Legacy

Caltech exists today because three of the preeminent scientists of the early twentieth century—Robert Andrews Millikan, Arthur Amos Noyes, and George Ellery Hale—sought to establish a research and educational center beyond the capacities and philosophies of existing academic institutions. Unconstrained by the prevailing focus on industrial applications of science, they envisioned an institute dedicated to the discovery and understanding of the fundamental principles of nature, believing that practical applications must flow from such advances.

Caltech quickly became one of the physics capitals of the world (and a leader in other fields). Caltech Physics, Mathematics & Astronomy faculty and alumni have received 14 Nobel Prizes in Physics, a Fields Medal, two Fundamental Physics Prizes, three Crafoord Prizes, and 16 National Medals of Science. In theoretical physics, professor David Politzer, past faculty members Richard Feynman, William Fowler, and Murray Gell-Mann, and alumnus Kenneth Wilson have all made Nobel Prize–winning discoveries.

Selected breakthroughs

• Fritz Zwicky, with the Carnegie Institution's Walter Baade, predicted neutron stars and correctly proposed that their births power supernovae. Zwicky predicted the existence of dark matter to explain anomalies in observed properties of galaxies.

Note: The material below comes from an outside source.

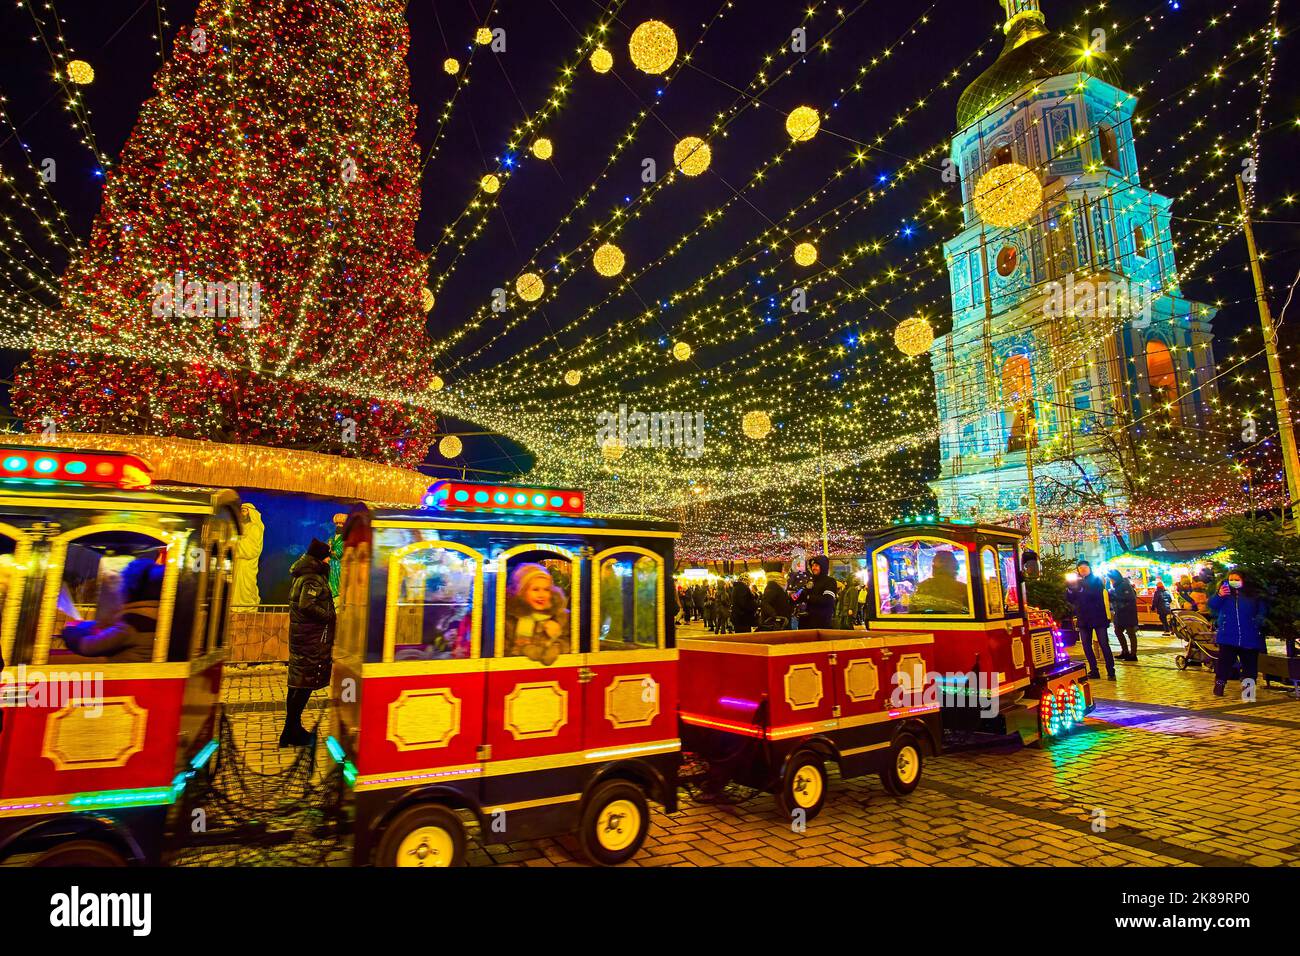 KIEV, UCRAINA - 28 DICEMBRE 2021: Il treno turistico colorato, in giro per le bancarelle della Fiera di Natale e l'albero di Natale in Piazza Sophia, il mese di dicembre Foto Stock

• Richard Chace Tolman and J. Robert Oppenheimer developed the mathematical theory of neutron stars, and Oppenheimer deduced that massive stars could implode to form what we now call black holes.
• Richard Feynman invented Feynman diagrams and used them to formulate the laws of QED (quantum electrodynamics, the theory that explains quantum phenomena involving electromagnetic fields). He also made influential findings about superfluids and launched nanoscience and quantum information science.

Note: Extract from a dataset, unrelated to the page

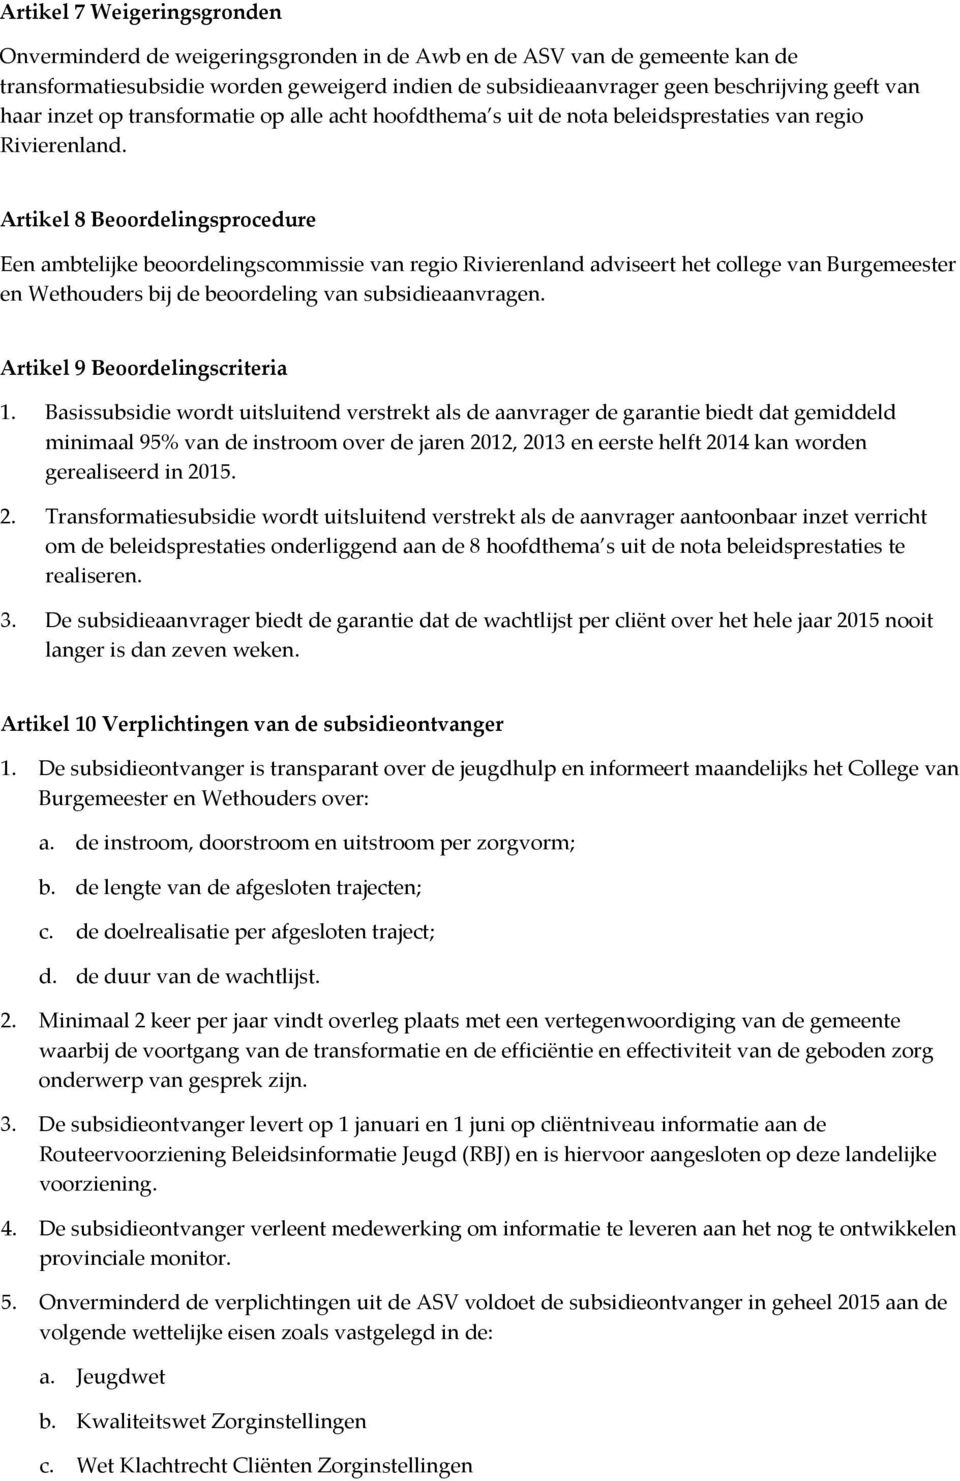 Artikel 8 Beoordelingsprocedure Een ambtelijke beoordelingscommissie van regio Rivierenland adviseert het college van Burgemeester en Wethouders bij de beoordeling van subsidieaanvragen.

• Willy Fowler explained how elements form by nuclear burning in stars. He spearheaded a combined theoretical, experimental, and observational program to investigate this process.
• Murray Gell-Mann predicted quarks, the building blocks of particles. He formulated the concepts of strangeness and the eight-fold way, which brought order to the hundreds of elementary particles that had just been discovered.

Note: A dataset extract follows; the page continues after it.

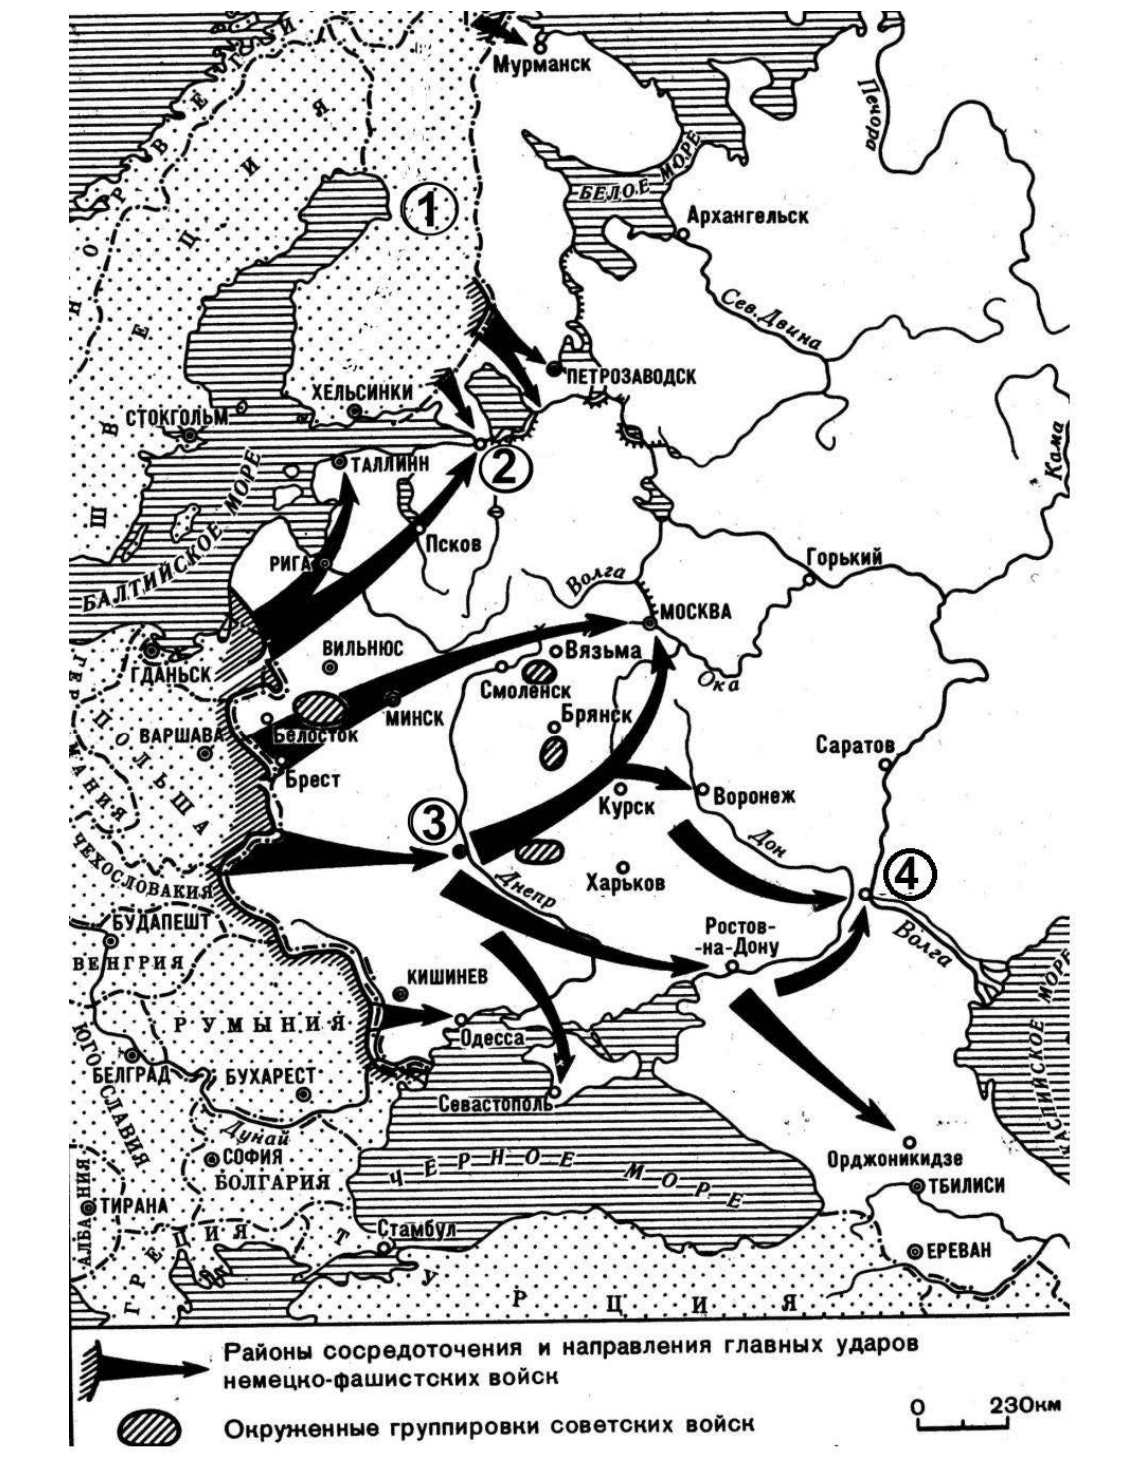 Нападение германии на россию. Карта наступления фашистов на СССР 1941. Карта плана Барбаросса 1941. План нападения фашистской Германии 1941. План нападения СССР на Германию в 1941.

• Maarten Schmidt and visiting scholar Donald Lynden-Bell made fundamental contributions to the discovery and understanding of quasars and how they are powered. This work "expanded the scale of the observable Universe and led to our present view of a violent Universe in which massive black holes play a key role (Kavli Prize citation).''
• Peter Goldreich explained the observed structure of our solar system and predicted new structural features that were later observed.
• David Politzer discovered asymptotic freedom, the characteristic of quarks that allows them to form protons and neutrons. This established quantum field theory as the basic language of high energy physics.
• John Schwarz co-invented superstring theory, independently pursuing this work for 12 years until his and Michael Green's discovery of the Green–Schwarz Mechanism in 1984. That discovery catalyzed the "first superstring revolution," bringing string theory back into the mainstream.
• Kip Thorne launched a new era in gravitational astrophysics by advancing theoretical, experimental, and observational investigation of gravitational waves. Thorne's insights also underpinned new efforts to experimentally realize quantum phenomena at large scales. Together with Stephen Hawking, who visits Caltech annually as a Sherman Fairchild Distinguished Scholar, Thorne shaped theory about gravity, spacetime, and relativity.
• Mark Wise and Larry Abbott were among the early groups to calculate the gravitational wave spectrum from inflation and determine its influence on the fluctuations of the temperature of the microwave background radiation.
• Mark Wise, in collaboration with Nathan Isgur and others, developed the heavy quark expansion for the interactions of quarks with masses much larger than the scale of the strong interactions. In the process, he discovered new symmetries of the strong interactions that arise in the heavy quark mass limit. This enabled precise model independent predictions for the strong and weak interactions of hadrons containing a heavy bottom or charm quark.
• Marc Kamionkowski, collaborating with a Caltech experimental group, invented a method for measuring the large-scale geometry of the universe and probing its inflationary birth. His work enabled the group to confirm the existence of dark matter and dark energy using temperature maps of cosmic microwave background radiation. It also underpinned the BICEP2 experiment, which provided the first direct evidence of primordial gravitational waves, supporting the theory of cosmic inflation.
• John Preskill's discoveries in quantum error correction made quantum computation possible in principle.
• Alexei Kitaev, who explores and builds deep connections between condensed matter and quantum information, invented the concept of topological quantum computation.